The agency recently took another step in that direction, publishing a white paper detailing ways gas-plants can reduce their CO2 emissions.
The paper presents opportunities for emission cuts, like the co-firing of natural gas with alternative fuels such as hydrogen; using carbon capture, utilization, and storage (CCUS) technologies; and the co-location with energy storage. Although it doesn’t set policy or establish standards, the EPA “anticipates that the white paper may be useful to inform future rulemaking efforts.”
The Clean Air Act requires new engines and equipment sold or distributed in the United States to be certified to meet EPA-established emissions requirements to protect public health and the environment from air pollution.
Under the latest standards from 2015, new natural gas power plants can emit no more than 1,000 pounds of carbon dioxide per MW of electricity produced. New coal-fired power plants can emit no more than 1,400 lbs CO2/MWh. The standards apply to sources on or after the date of publication of the proposed standards, June 18, 2014.

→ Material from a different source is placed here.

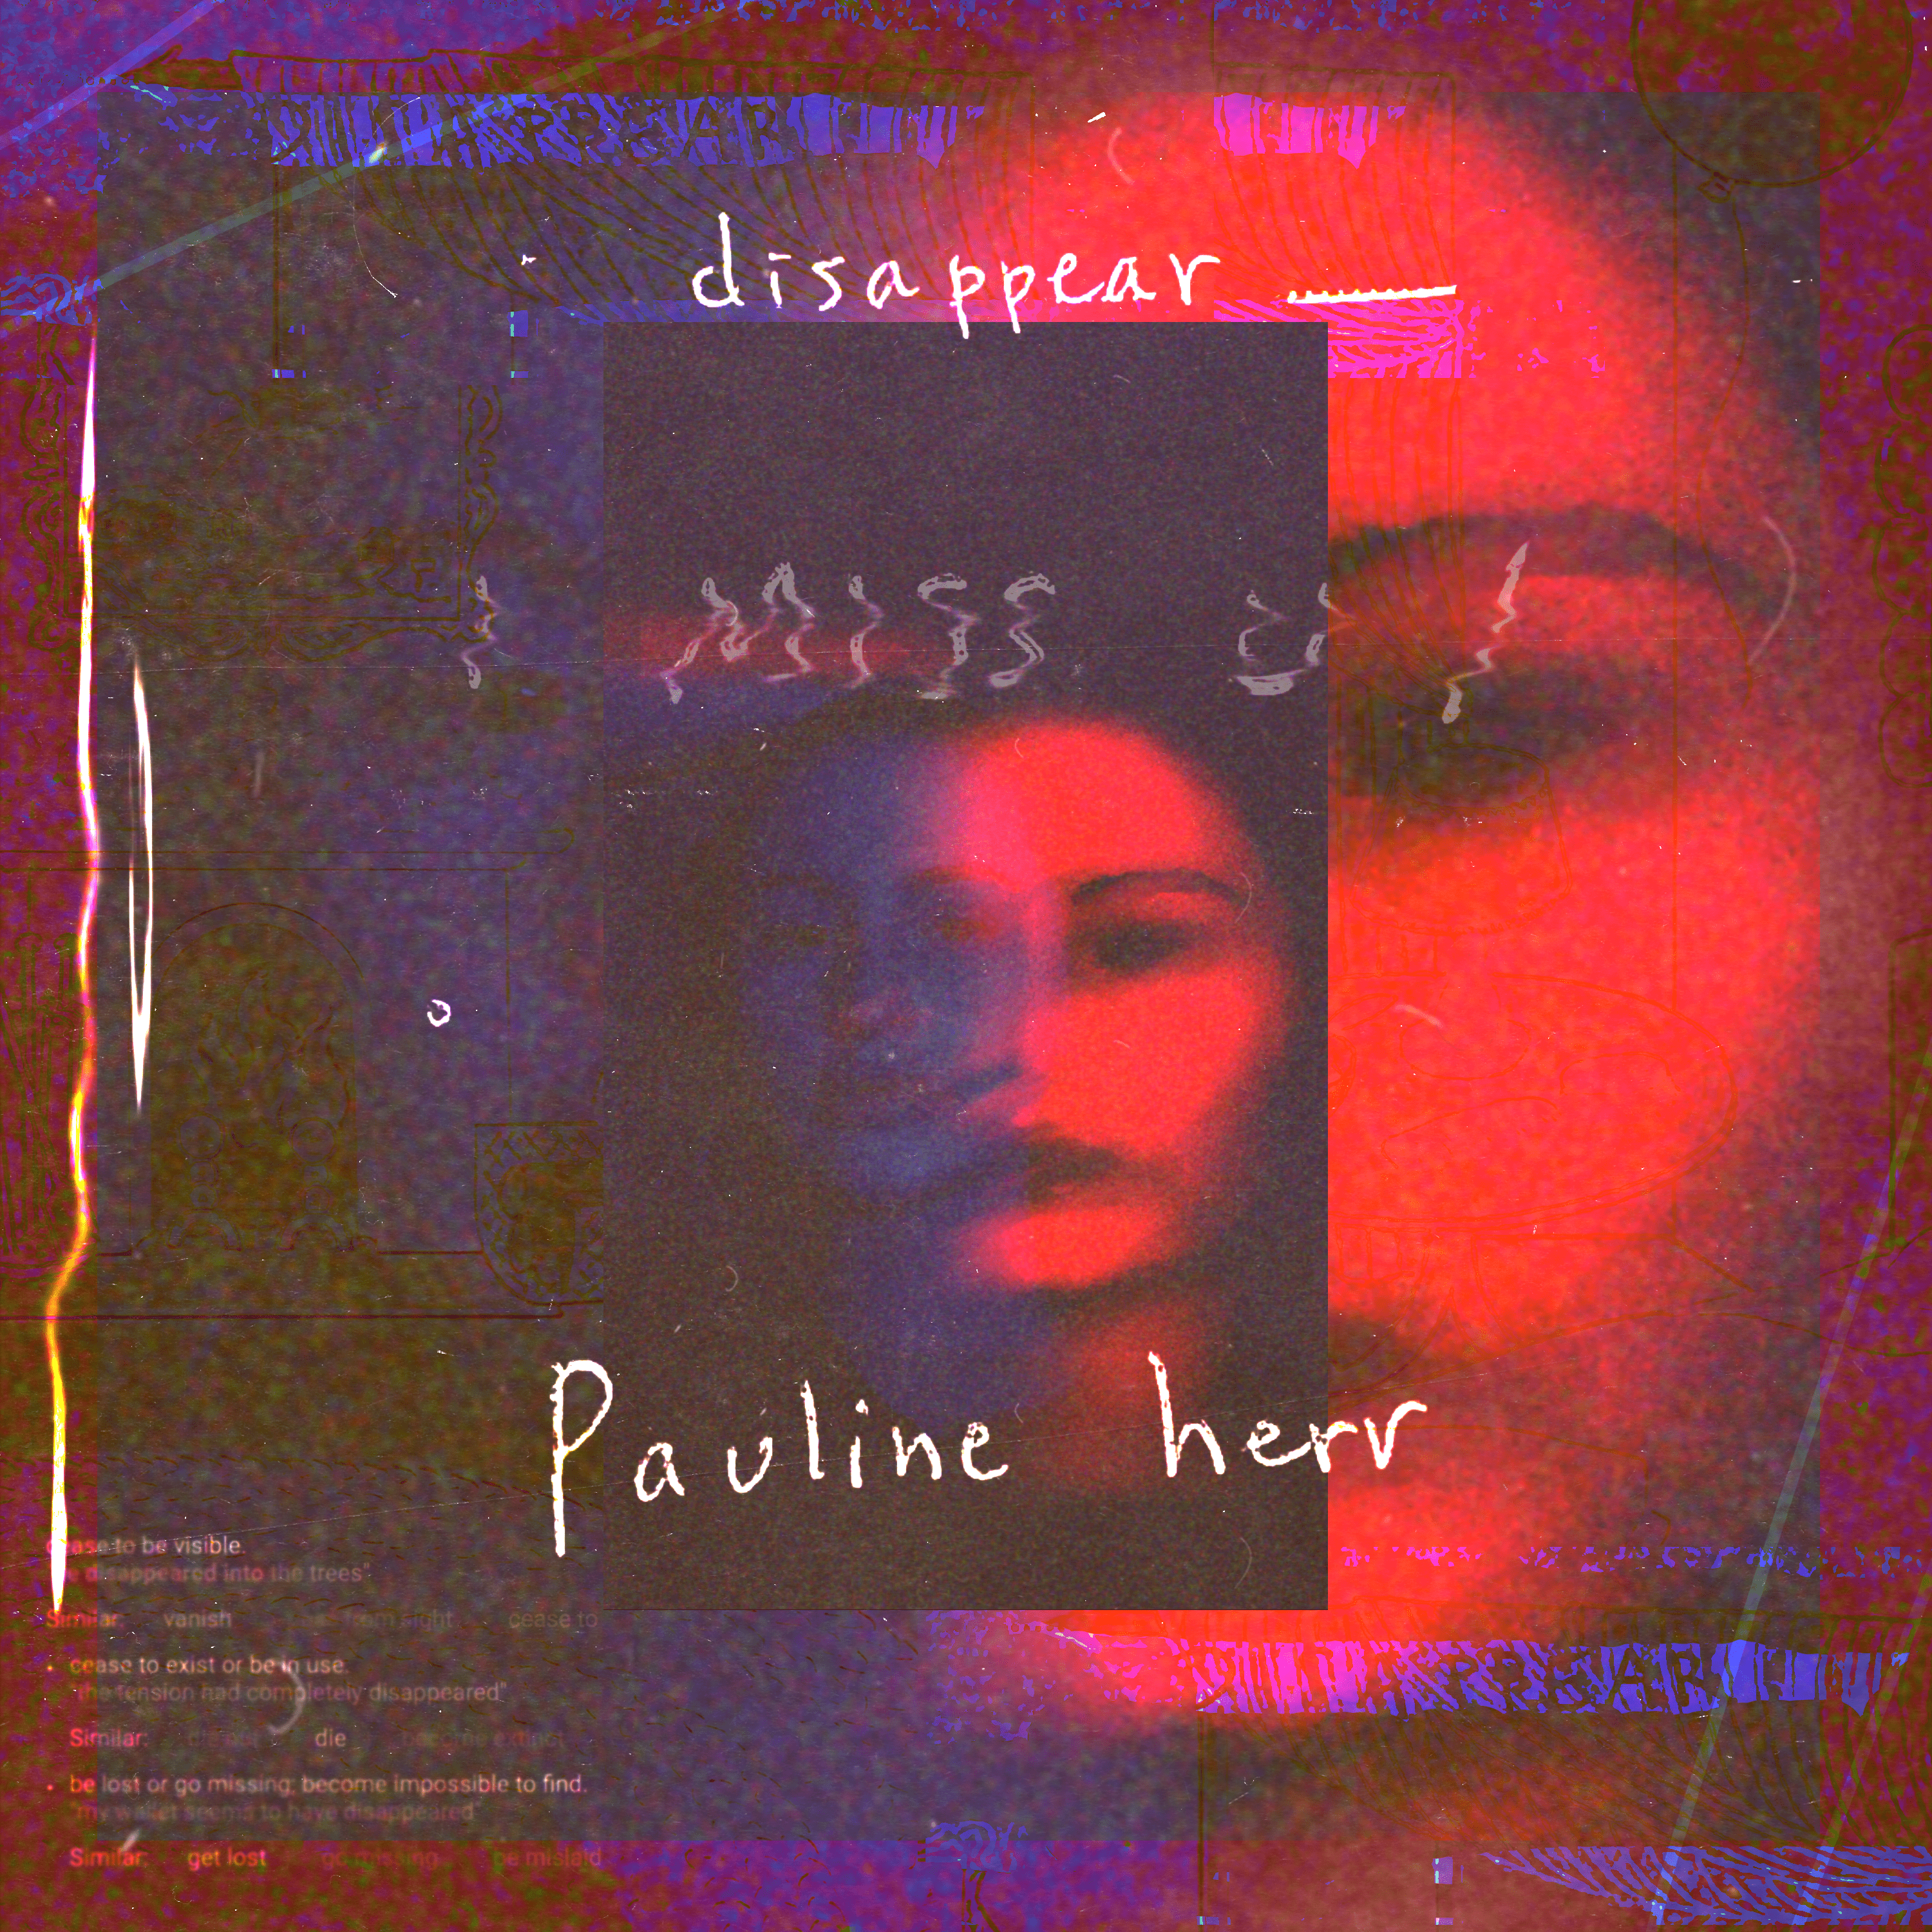 Cover art for Disappear by Pauline Herr ｡･:*:･ﾟ☆

It’s not clear to what extent the new EPA rules will rely on CCUS technology. The agency’s white paper notes while there is increased interest in carbon capture for natural gas-fired plants, most CCUS efforts have focused on coal plants.
Examples of carbon capture installed on coal plants include the slip stream capture facilities AES Warrior Run in Maryland and AES Shady Point in Oklahoma. In both cases, the captured CO2 is used in the food processing industry. The EPA also cited Southern Company’s Plant Barry in Alabama and AEP’s Mountaineer in West Virginia as having CCUS technology.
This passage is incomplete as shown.